# Recent NGD, 2003 Tacoma Road King RM6C



## Tone Chaser (Mar 2, 2014)

Finally got it back from the Luthier. He addressed my concerns, gave it a once over, restrung it, and a set up.

It has a bolt on/glued one piece mahogany neck, solid mahogany sides and back. The top is solid Sitka spruce, and rosewood fret board. 

I don't play an acoustic often, but the tone from this guitar inspires me to want to emulate some tasty acoustic guitar from classic rock, outlaw, and old time roots country. I actually want to try and get finger picking again.

The paisley sound hole in the upper bout project the tone to my ears in an appealing way.


----------



## Tone Chaser (Mar 2, 2014)

a few more pictures















The LR Baggs system is very complimentary to this guitar.

There still is factory plastic on the backs of the tuners, no wear or finish problems. The dead battery that I pulled out of it had a 2007 expiration date.

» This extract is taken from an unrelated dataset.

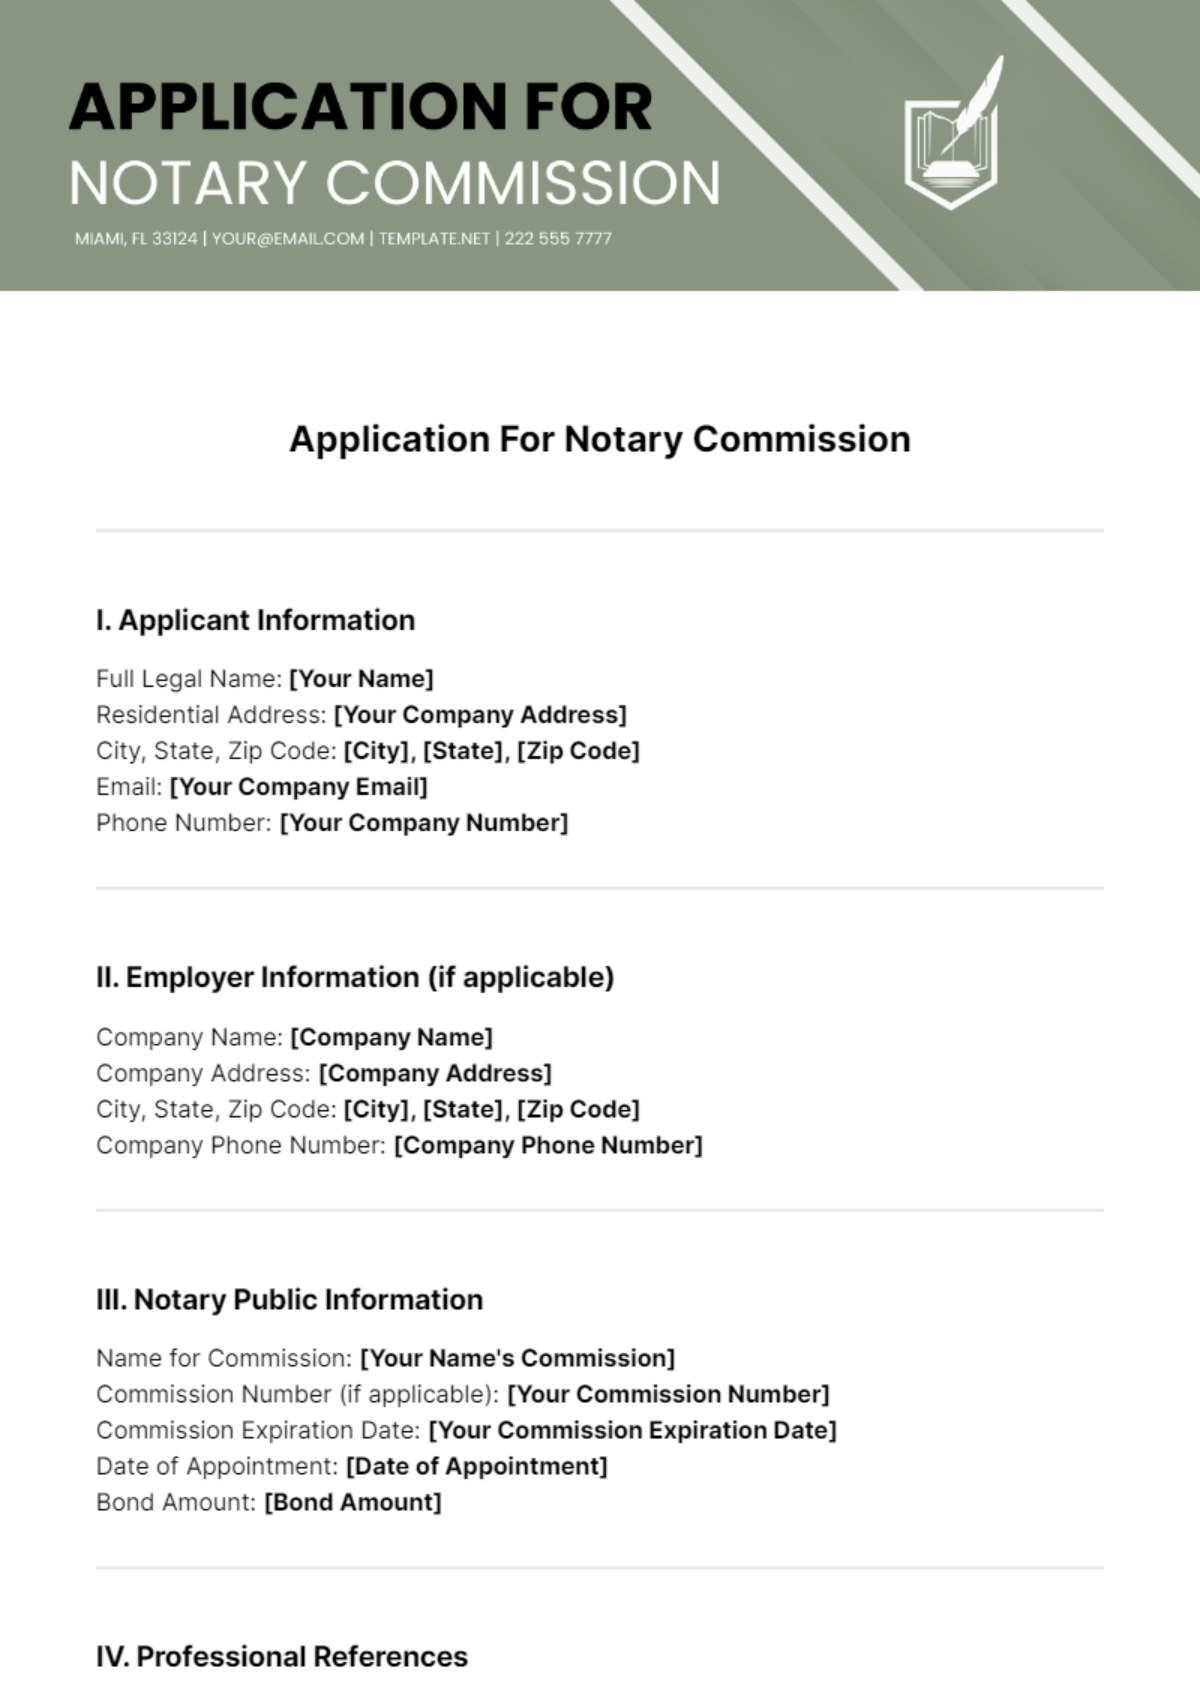 Application For Notary Commission Template

There was some sweat stain on the fret board in the cowboy chord position.

I have spent time at the local L&M playing guitars priced up to $3500. This Tacoma will do for now, and as always, I am a sucker for a bolt on neck.


----------



## rollingdam (May 11, 2006)

Nice guitars,however a victim of Fender's corporate foolishness


----------



## mrmatt1972 (Apr 3, 2008)

Yeah, those were good while they lasted.


----------



## Steadfastly (Nov 14, 2008)

I've never played one but to me, it's definitely a looker.


----------